Ini sangat disayangkan. Pakubuwono X tentu tidak mengharapkan taman surga gagasannya menjadi tempat terbengkalai seperti ini. Taman ini pernah menjadi pilihan wisata utama saat pertama kali dibuka untuk umum, harusnya sekarang juga bisa. Gosipnya kondisi Taman Sriwedari yang tidak jelas ini karena terjadi sengketa kepemilikan lahan taman antara pemerintah daerah dengan pihak kesultanan Surakarta. Entah benar, entah tidak.
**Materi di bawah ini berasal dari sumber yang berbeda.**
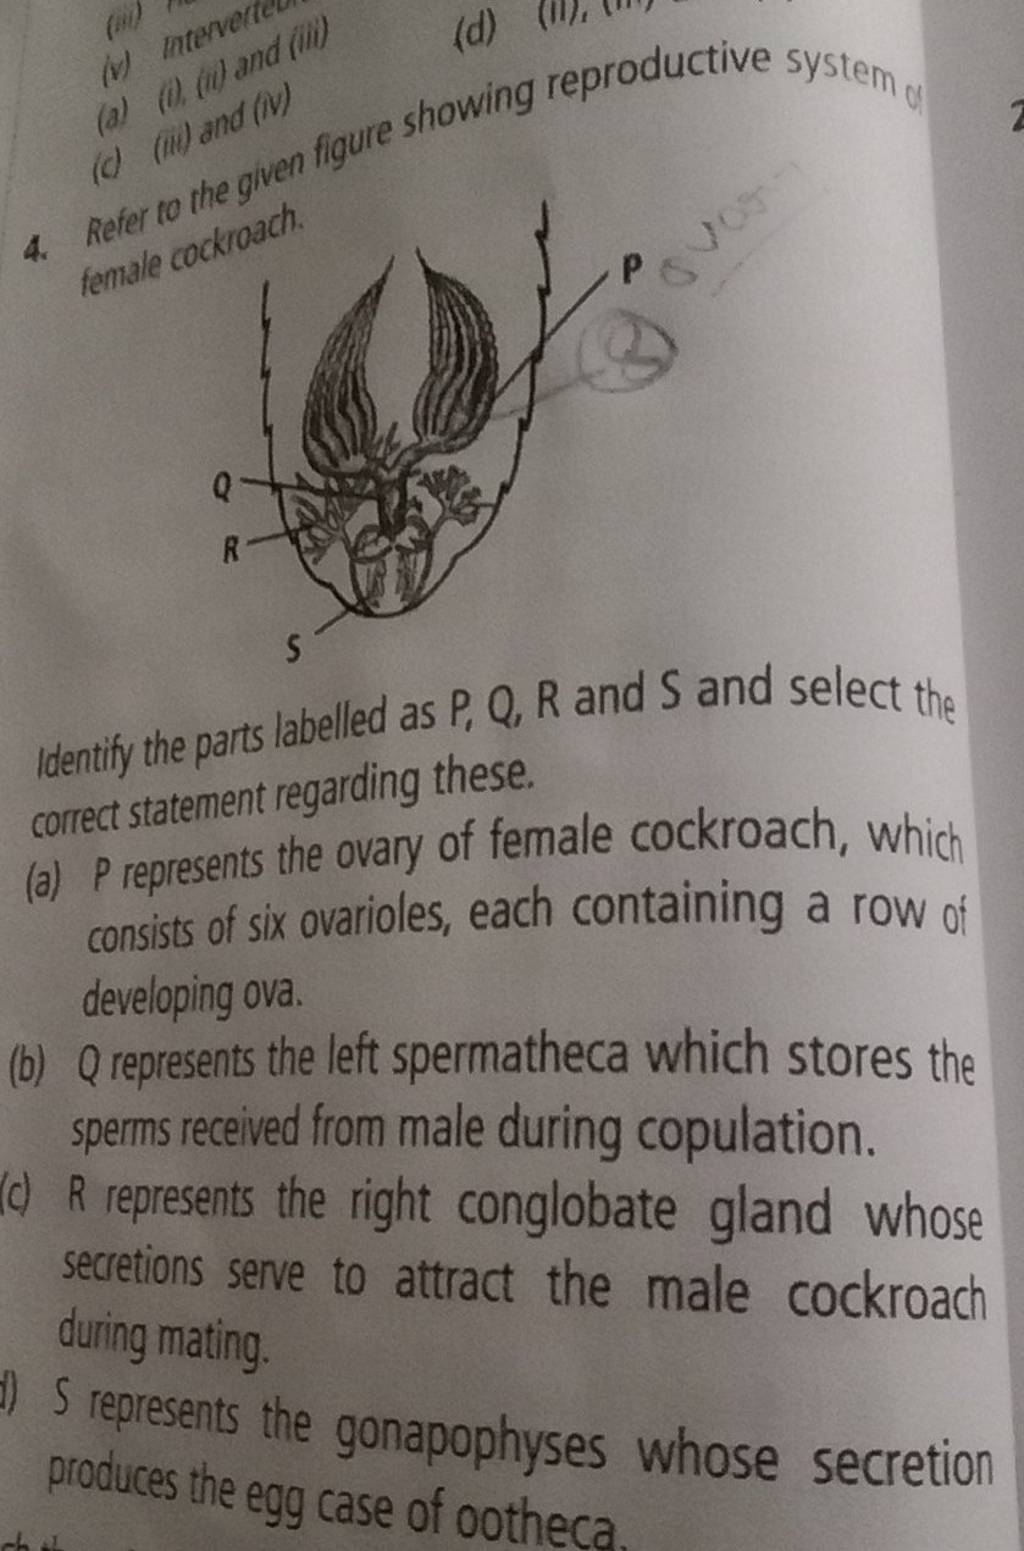 4. Refer to the given figure showing reproductive system female cockroach..
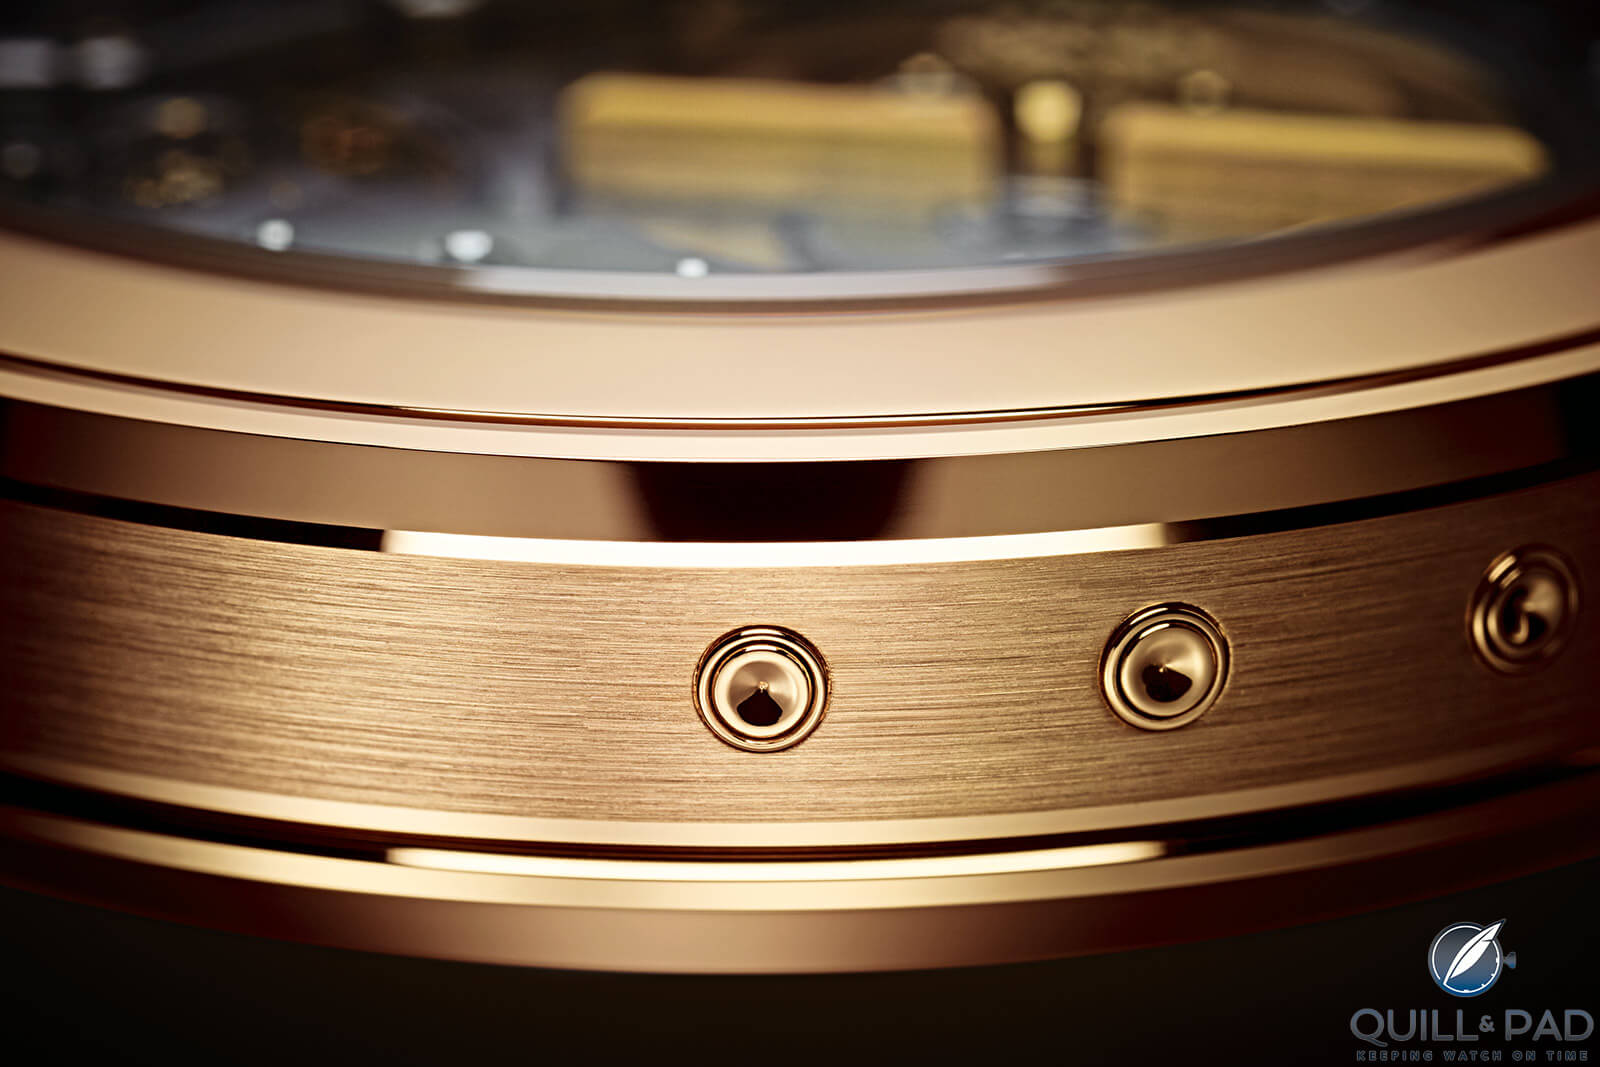 Calendar corrector pushers inset into the caseband of the Patek Philippe Reference 5235/50R-001

Yang pasti surga terbengkalai, Taman Sriwedari ini membutuhkan penanganan serius jika mau menjadi objek wisata sejarah dan budaya yang menarik untuk dikunjungi.
Ah, perihal tulisan untuk cerpen dalam omnibook itu, dengan berat hati saya memutuskan berganti subjek ke taman lain karena taman yang diminta teman-teman kelompok haruslah taman paru-paru kota dengan hijauan rumput di mana-mana. Tapi saya sedang menuliskan sebuah cerpen lepas tentang Sriwedari dan sepasang patung penari yang ada di depan joglo dekat gerbang masuknya. Semoga bisa cepat rampung.
Jujur, jika ada kesempatan berkunjung ke Solo lagi, saya pasti akan mendatangi Sriwedari lagi. Semoga bila saat itu tiba, Taman Sriwedari sudah kembali menjadi pelataran surga seperti yang selama ini saya bayangkan. Aamiin.